● Task objective
After locating the line that contains "Combi Volkswagen 1963 Surf", transcribe exactly that line and each one after it until the data ends, skipping pictures.

● Information provided
● ● ● ●
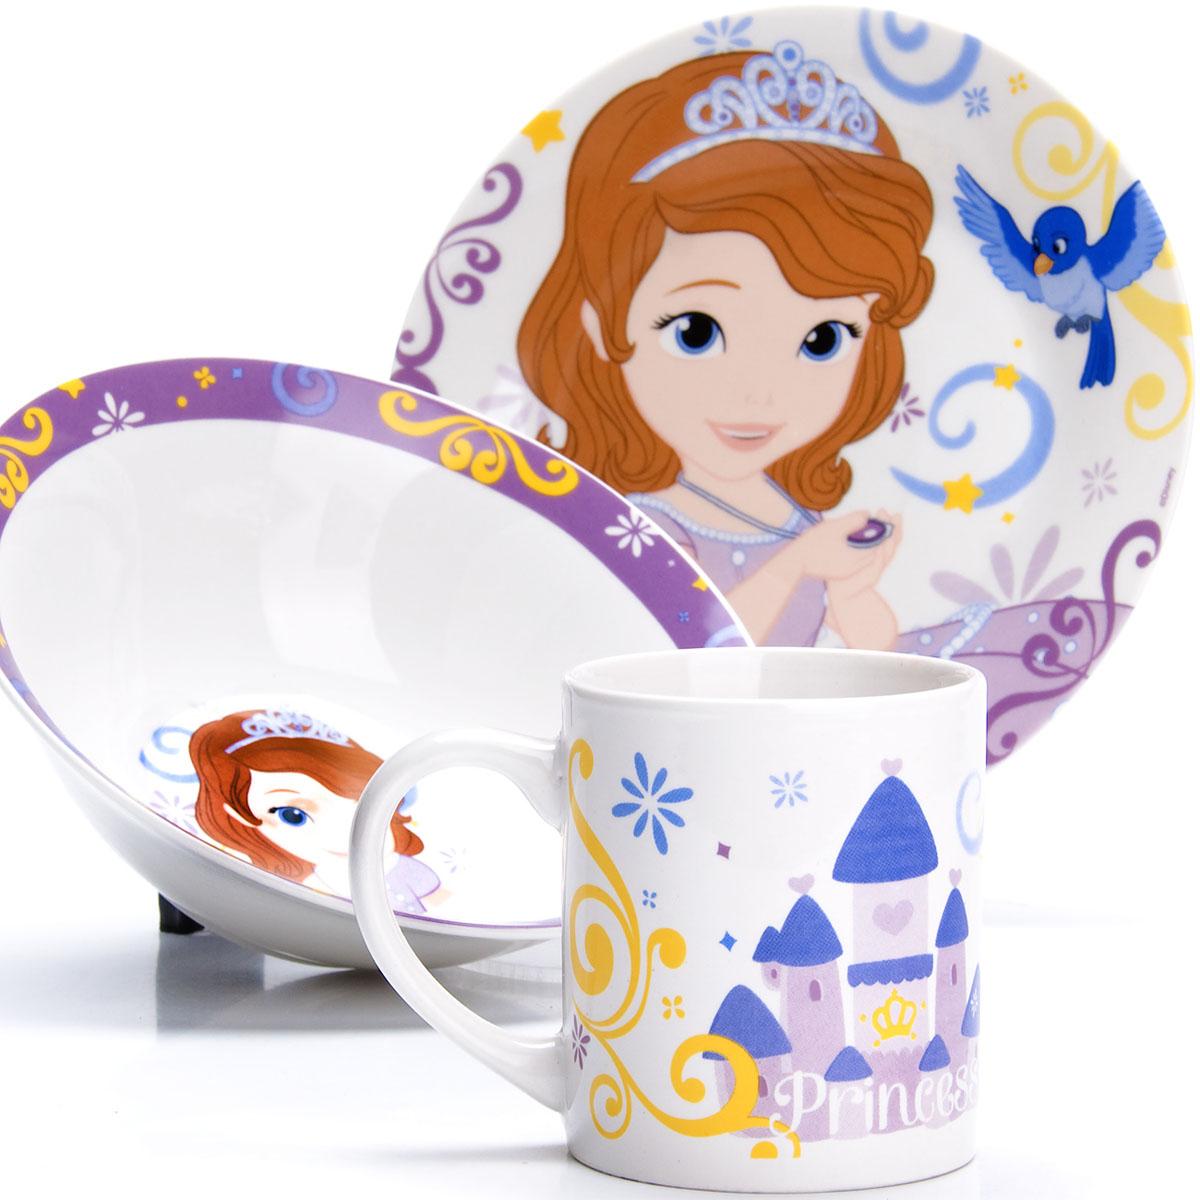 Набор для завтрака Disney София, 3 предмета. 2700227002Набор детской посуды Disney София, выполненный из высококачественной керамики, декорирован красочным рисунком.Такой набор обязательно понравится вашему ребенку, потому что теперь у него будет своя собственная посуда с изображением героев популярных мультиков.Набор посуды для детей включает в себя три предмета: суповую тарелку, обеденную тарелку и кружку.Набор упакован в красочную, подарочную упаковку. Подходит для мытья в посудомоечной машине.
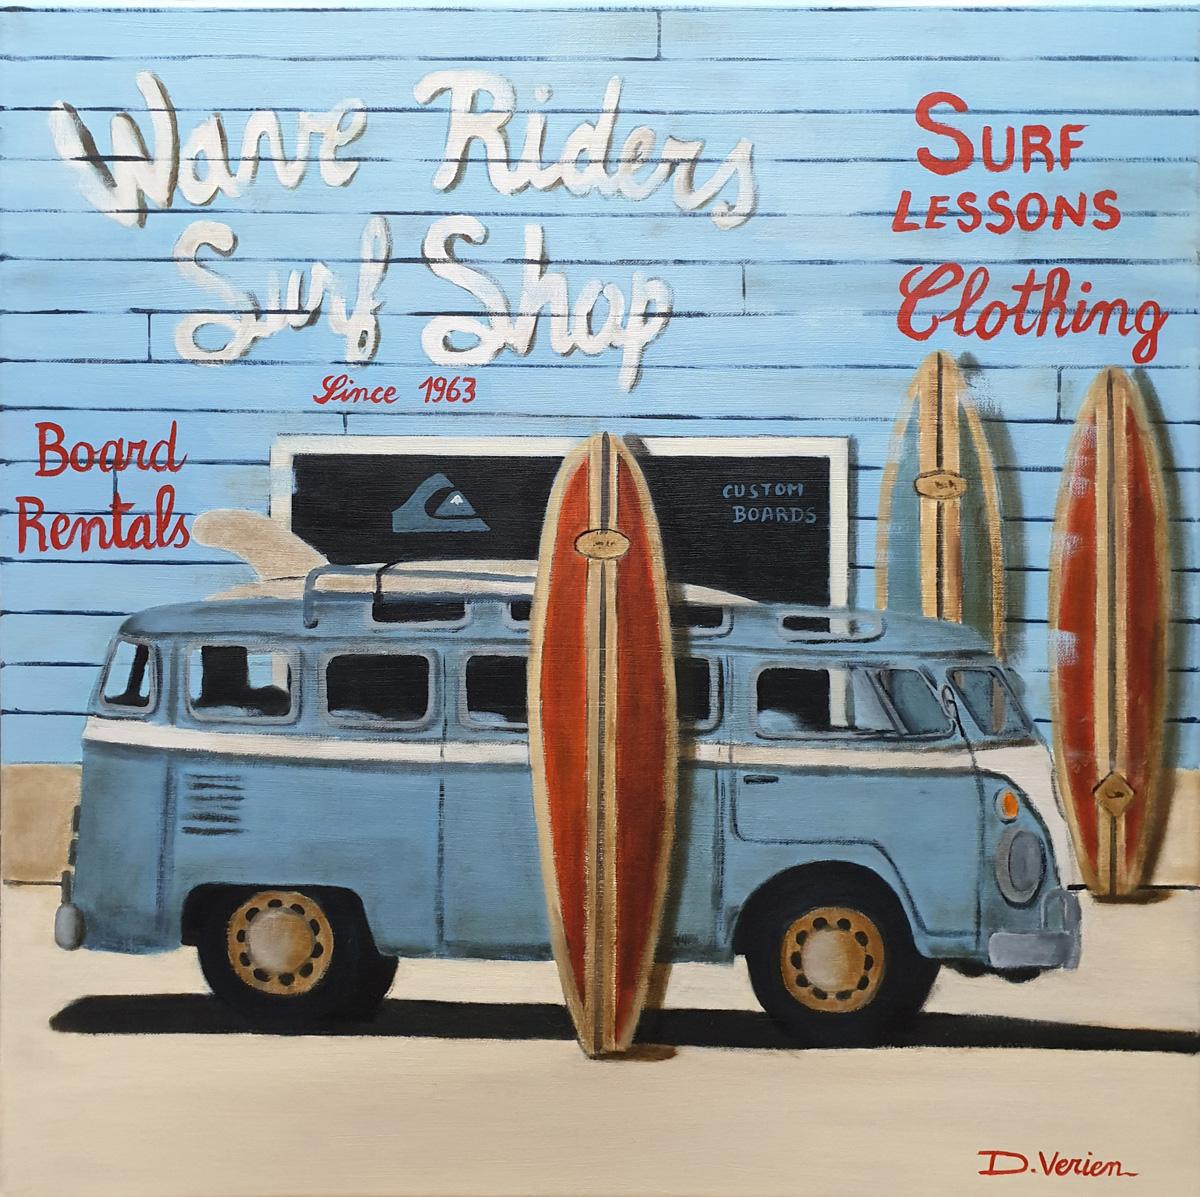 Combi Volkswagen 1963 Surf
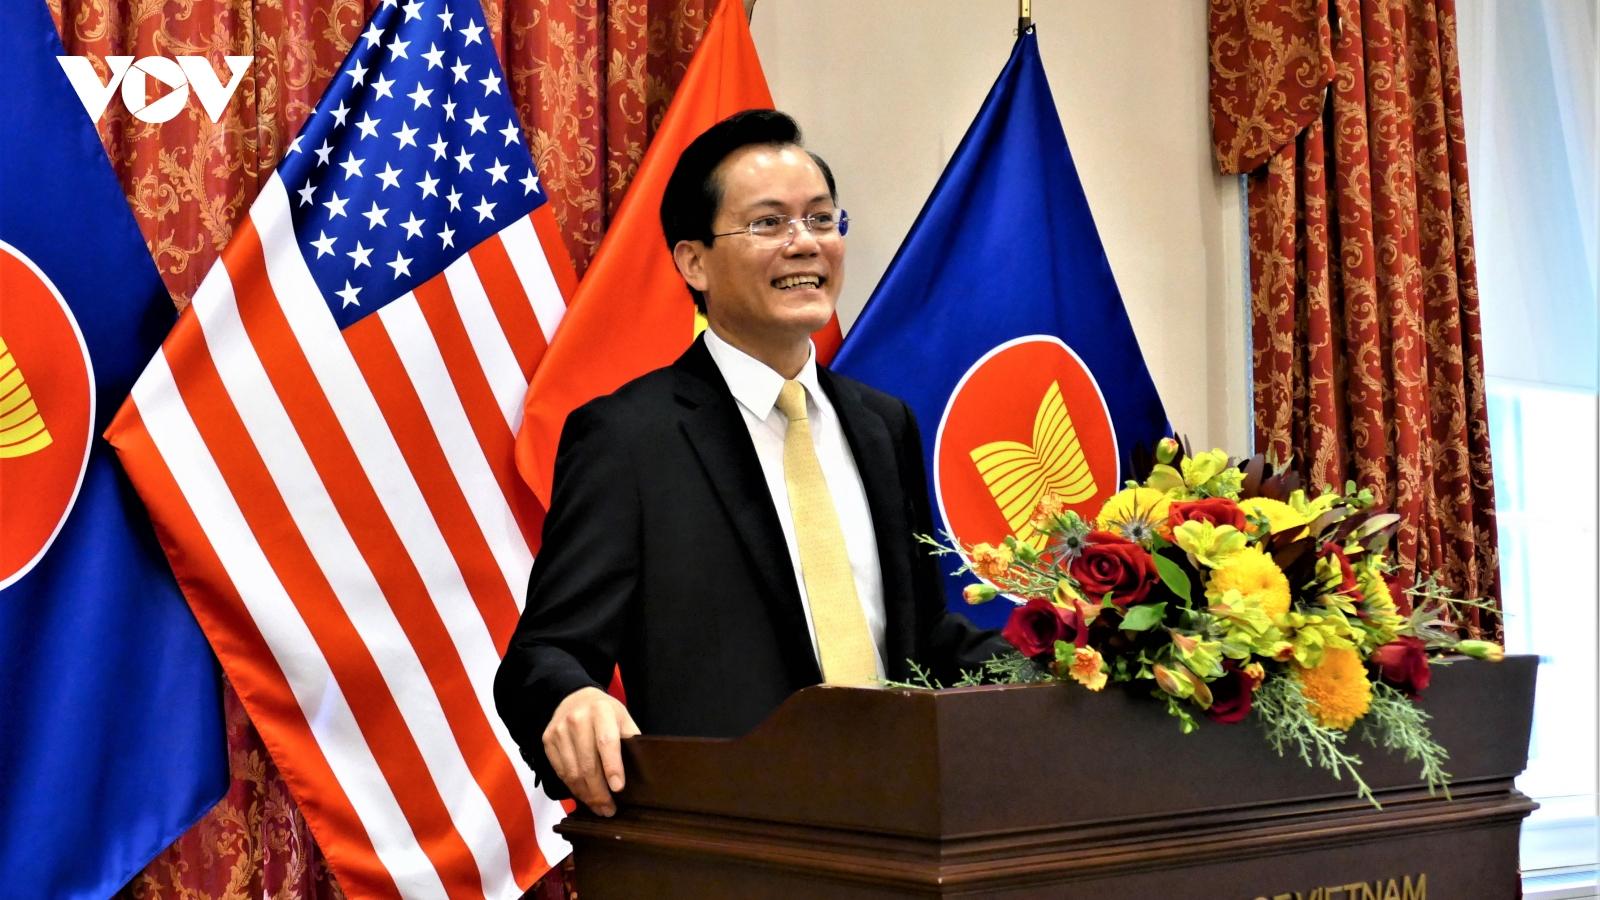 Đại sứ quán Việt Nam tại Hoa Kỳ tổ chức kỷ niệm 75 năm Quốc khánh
● ● ● ●
● Result
 Combi Volkswagen 1963 Surf
 Đại sứ quán Việt Nam tại Hoa Kỳ tổ chức kỷ niệm 75 năm Quốc khánh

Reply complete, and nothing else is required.